Thanks Jens for reviewing this patch. Can you please look my comments inline?

Regards,
Gulam Mohamed.
-----Original Message-----
From: Jens Axboe <axboe@xxxxxxxxx>
Sent: Friday, September 8, 2023 8:04 PM
To: Gulam Mohamed <gulam.mohamed@xxxxxxxxxx>; linux-block@xxxxxxxxxxxxxxx; linux-kernel@xxxxxxxxxxxxxxx
Subject: Re: [PATCH] block: Consider inflight IO in io accounting for high latency devices

On 9/7/23 3:45 PM, Gulam Mohamed wrote:
> diff --git a/block/blk-mq.c b/block/blk-mq.c index
> ec922c6bccbe..70e5763fb799 100644
> --- a/block/blk-mq.c
> +++ b/block/blk-mq.c
> @@ -1000,6 +1000,8 @@ static inline void blk_account_io_done(struct
> request *req, u64 now)
>
> static inline void blk_account_io_start(struct request *req) {
> + bool delta = false;
> +

This is an odd name for this variable...
[GULAM]: Thanks.

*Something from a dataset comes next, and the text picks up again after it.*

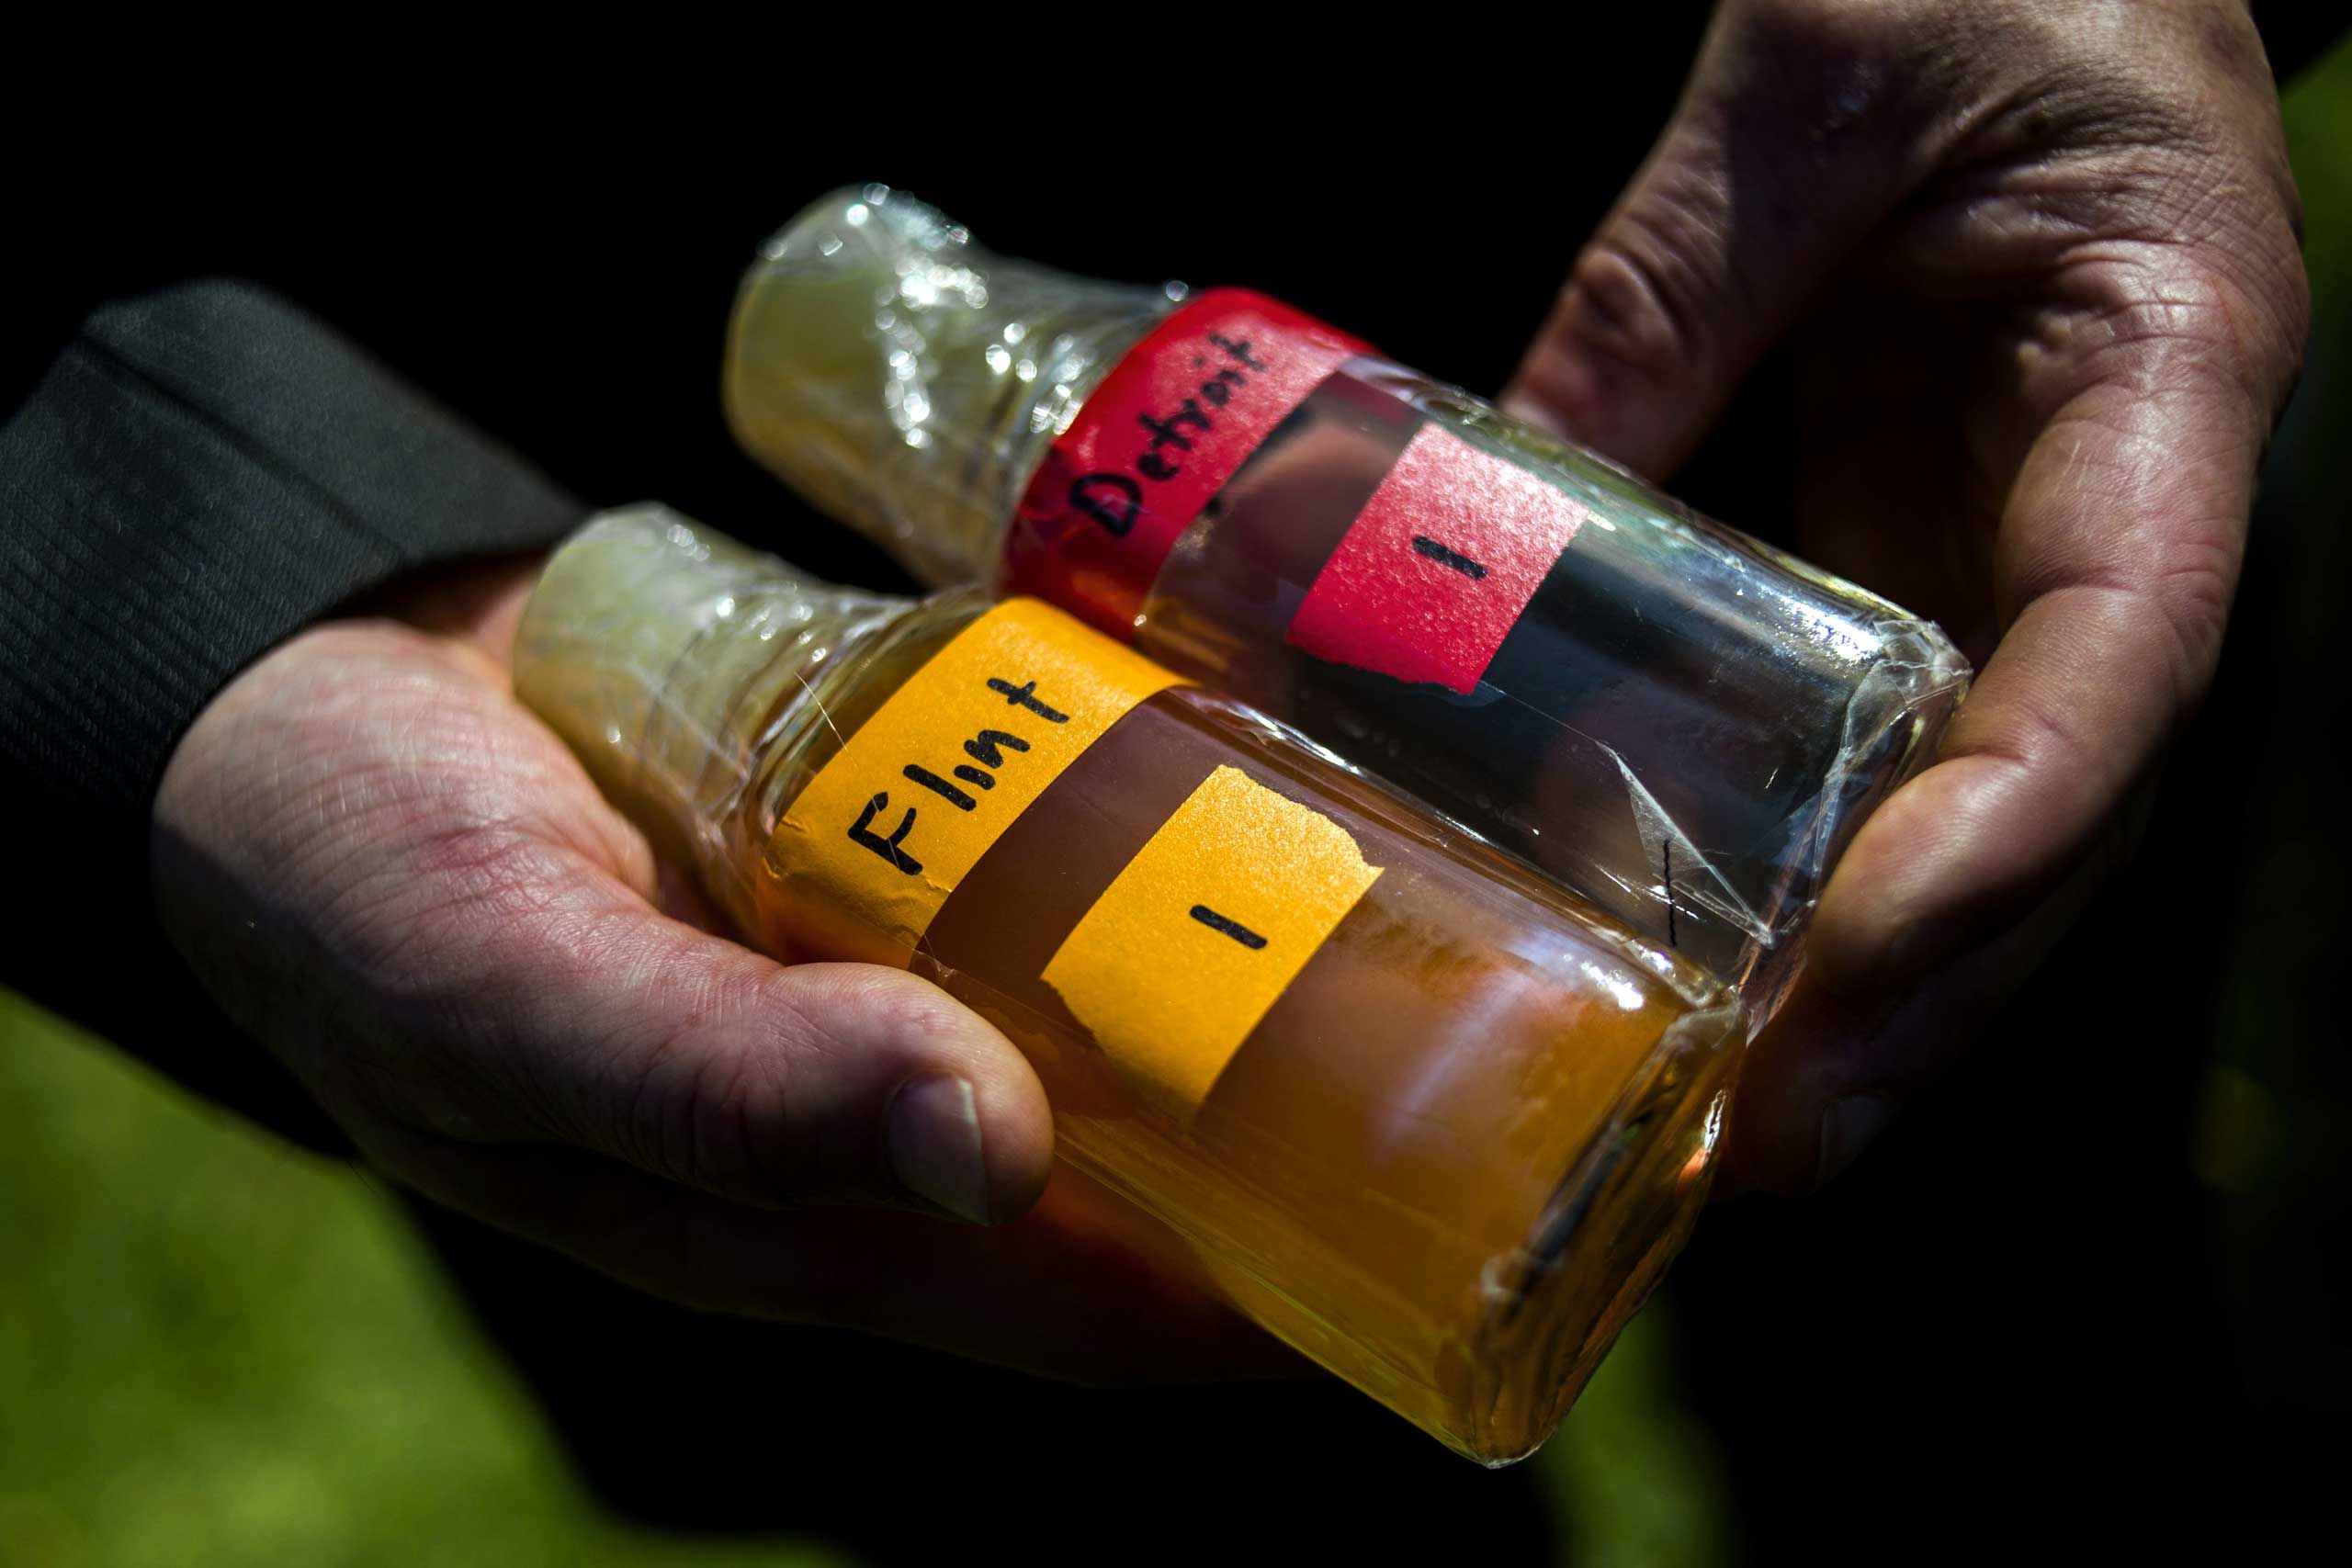 Virginia Tech professor Marc Edwards shows the difference in water quality between Detroit and Flint after testing, giving evidence after more than 270 samples were sent in from Flint that show high levels of lead during a news conference on Sept. 15, 2015 outside of City Hall in downtown Flint, Mich.

I will change this.

> @@ -1015,7 +1017,10 @@ static inline void blk_account_io_start(struct request *req)
> req->part = req->q->disk->part0;
>
> part_stat_lock();
> - update_io_ticks(req->part, jiffies, false);
> + if (req->q->nr_hw_queues == 1) {
> + delta = !!part_in_flight(req->part);
> + }

No parens needed here. But that aside, I think this could be a lot better. You don't really care about the number of requests inflight, only if there are some. A better helper than part_in_flight() could do that ala:

static bool part_any_in_flight(struct block_device *part) {
int cpu;

for_each_possible_cpu(cpu) {
if (part_stat_local_read_cpu(part, in_flight[0], cpu) ||
part_stat_local_read_cpu(part, in_flight[1], cpu))
return true;
}

return false;
}
[GULAM]: Is there a possibility that the IO request submit and completion can happen on different CPU? I am thinking that there could be positive numbers and negative numbers from different CPUs resulting in total inflight to 0. The negative number could be due to that the IO completion could happen on another CPU.

But I do wonder if it's just missed state checking for the request itself that's missing this, and this is fixing it entirely the wrong way around.
[GULAM]: Trying to understand this comment. Can you please explore more on this?

--
Jens Axboe